To tell you the truth, I rather like the “Go Ho Ho” ad. It recognizes the fact that many people are celebrating one holiday or another this time of year, one that often includes gift exchange, and also the freedom we all have to do whatever we want. Not like other retailers who insist that the only way to be a good person is to stuff so many presents under the tree that it actually lifts it off the ground, and when you open them the tree falls on your aunt Mildred. And how many women fall prey to the jewelers’ ads saying that if your boyfriend doesn’t propose to you this Christmas then he doesn’t really love you?
Advertisers are almost as devious as religions, and they use almost the same tactics. Don’t fall for their manipulation that promises you love and group acceptance in exchange for your money and you passing on their trendy artificial-feel-good messages to others. Just think for yourself.
My sincere wish for you and yours during the Christmakwanzukkah season is the same that is for you and yours every day of the year. I hope you did exactly what you wanted to do. I hope you didn’t hurt anyone, or go out of your way to offend people, or focus on how much better you are than people who believe different things. I hope you met your responsibilities and found the time to enjoy yourself too. I hope that, if you wanted to, you got to see your family and friends, and they all got along.
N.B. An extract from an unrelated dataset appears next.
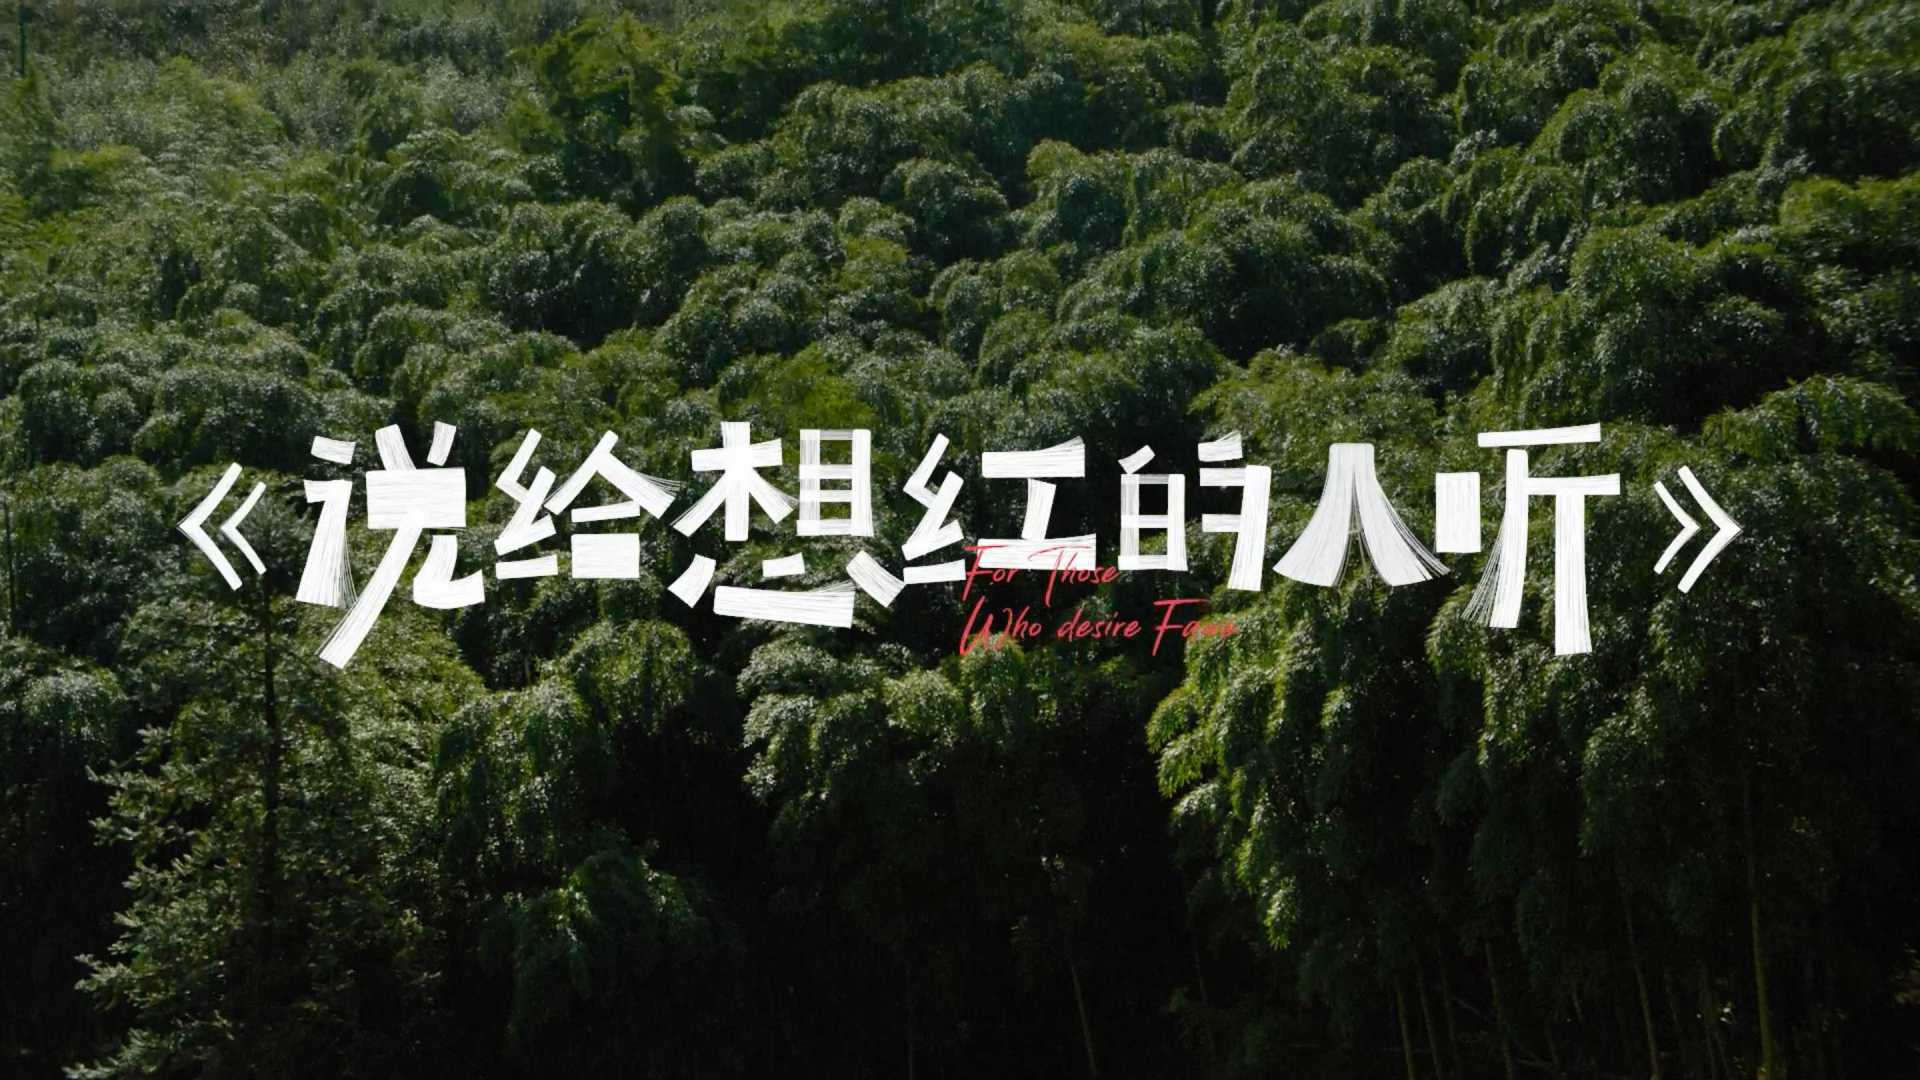 《說給想紅的人聽》#自然一點去露營 纪录片版 by 小紅書 + 張震嶽 + W

I hope there was good food, but I hope you didn’t eat too much, and I especially hope you didn’t drink too much, and if you did, for the love of godzilla I hope you didn’t drive anywhere. I hope you were happy and safe and that you continue to be. I wish this for you on December 25th, and on March 3rd, and August 19th and Septober 39th.
Happy Dowhateveryouwannukkah. I wish I’d come up with that.
mr dan is vice president of CVA. The views expressed in this post are his own and do not necessarily reflect those of Connecticut Valley Atheists or its individual members.